9 January 2015

In a new ruling on the UK’s Detained Fast Track system, the UK Court of Appeal has found that the Secretary of State’s policy of detaining asylum seekers who are not at risk of absconding whilst their appeals are pending is unlawful. In addition, the Court found that if it had been necessary to decide on the general legality of detention during appeal under this system, it would have ruled that the current policy of detaining asylum seekers during their appeals cannot be said to be justified.

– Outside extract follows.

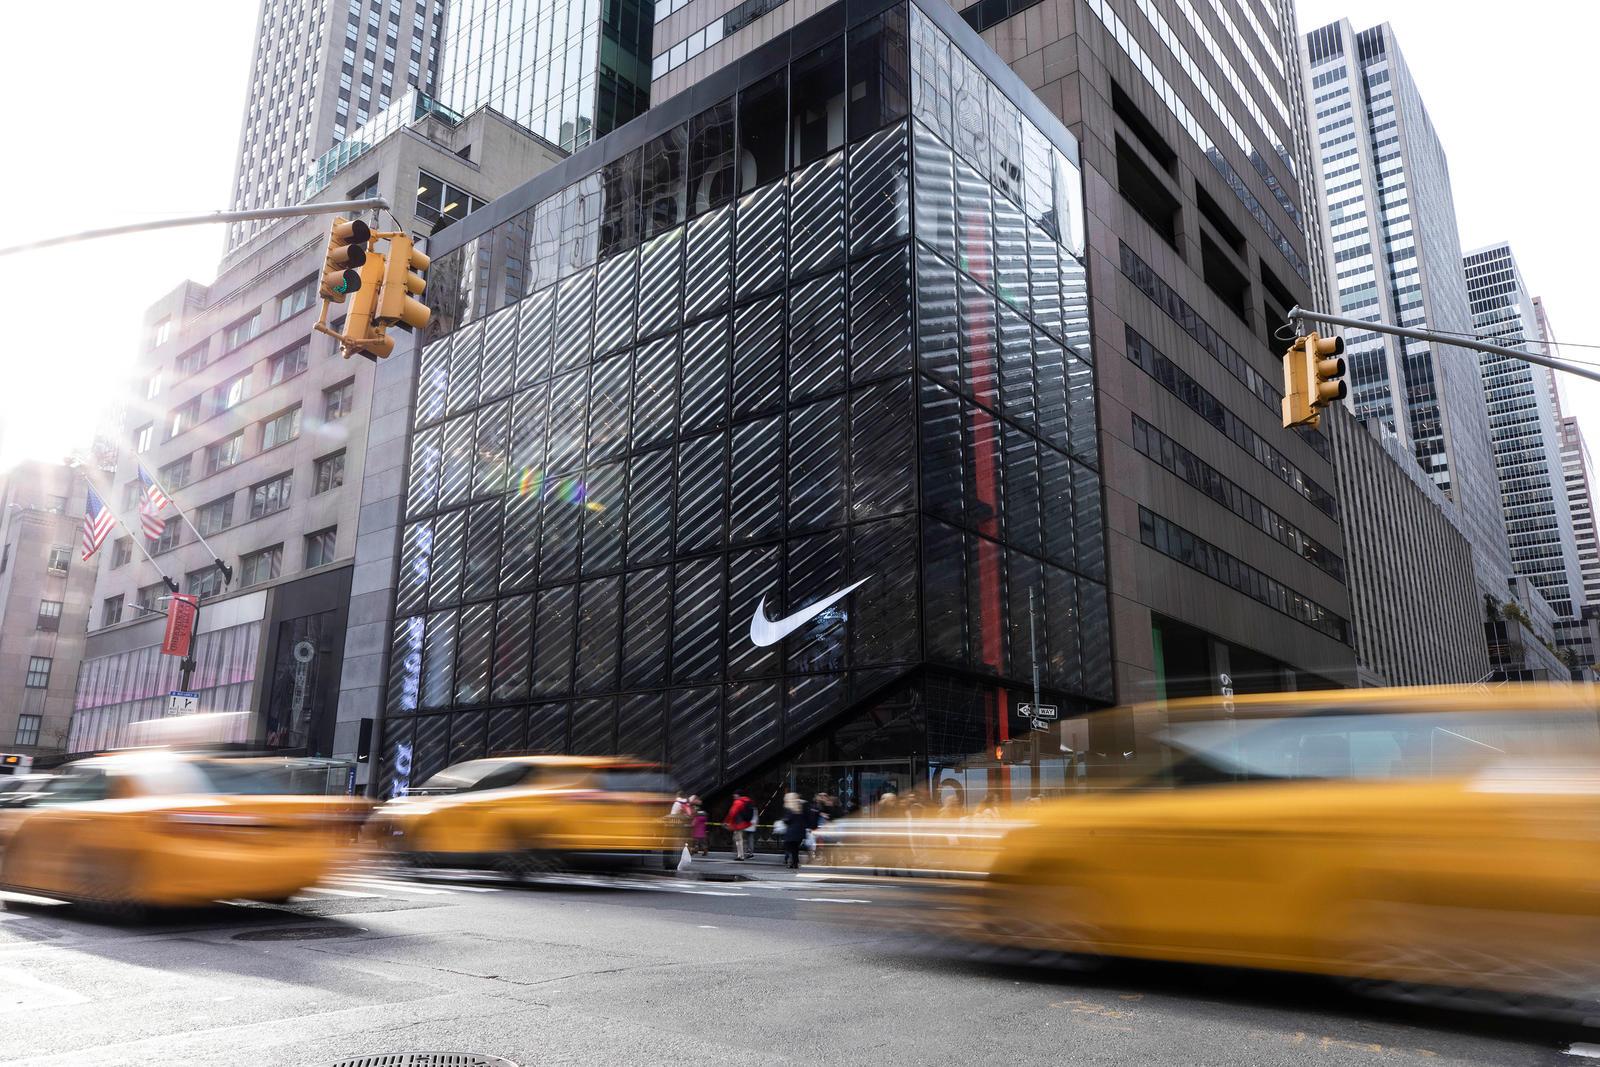 NikeNYC_HouseOfInnovation_hetrick_cleanselects_0087_native_1600.jpg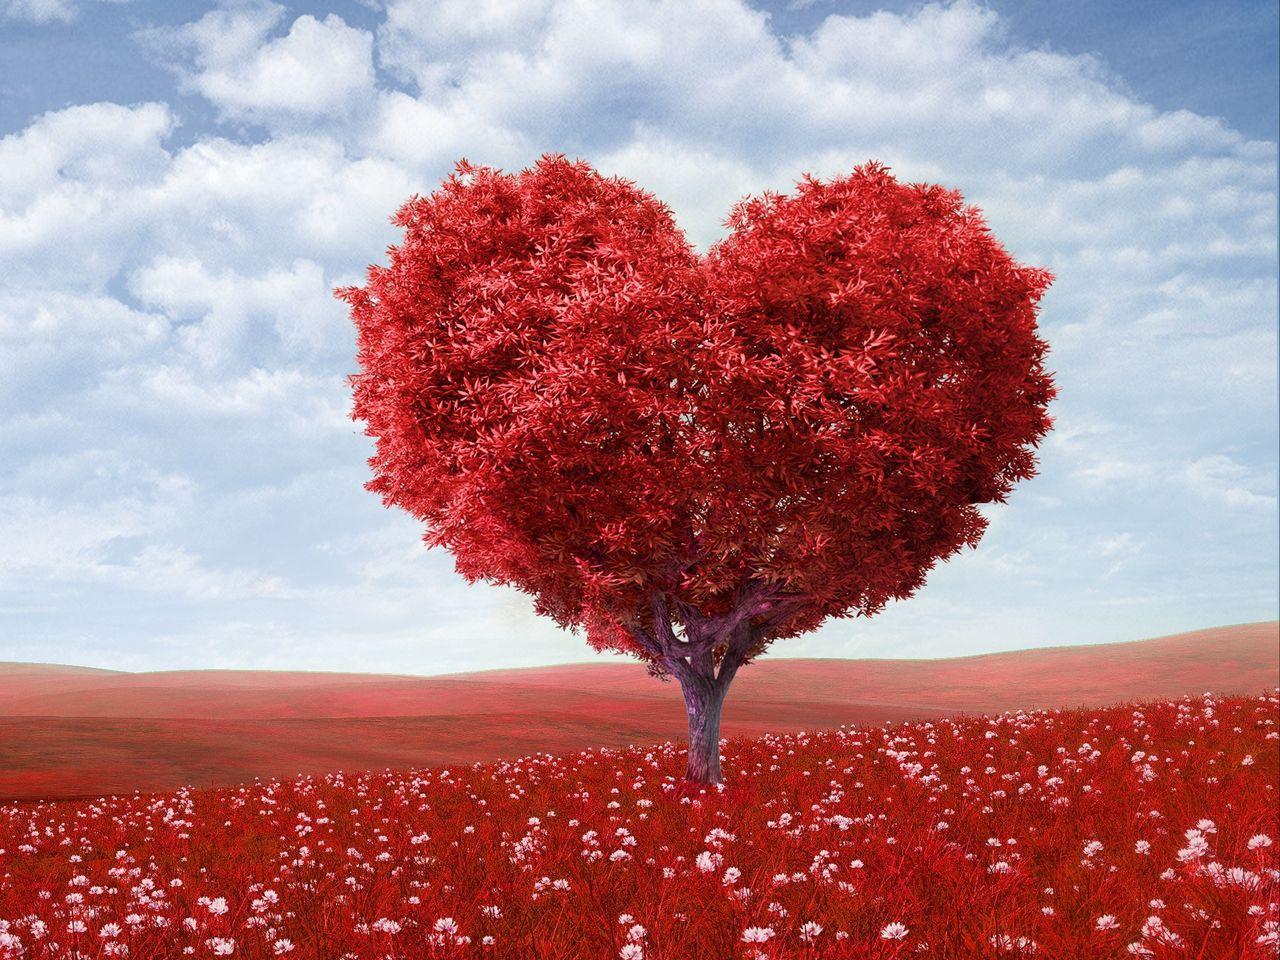 1280x960 Wallpaper tree, heart, photoshop, field, grass, romance

In response to arguments brought before the court by the NGO Detention Action relating to the nature and legality of the policy, the Court found that whilst there is a current policy to detain pending an appeal and where a decision can be made quickly, the way this is presented in the Detained Fast Track Guidance is not clear and lacks transparency. In light of the Court’s finding as to the lack of clarity in the guidelines, the Court subsequently held that it was not necessary to further explore whether the policy is justified with regards to UK domestic law. Nevertheless, in the Court’s opinion, detaining an applicant pending their appeal where a quick decision can be made is not justified and unlawful under the circumstances. The Court submits that detention in the appeal stage would only be lawful if all reasonable alternatives to detention are considered before detention is authorised and that there are strong grounds for believing that a person will not comply with the conditions of release.

In July last year, the UK’s Detained Fast Track system was ruled unlawful because asylum seekers detained under this procedure are not provided with legal assistance quickly enough, leaving insufficient time, often less than 24 hours, to prepare for the substantive asylum interview.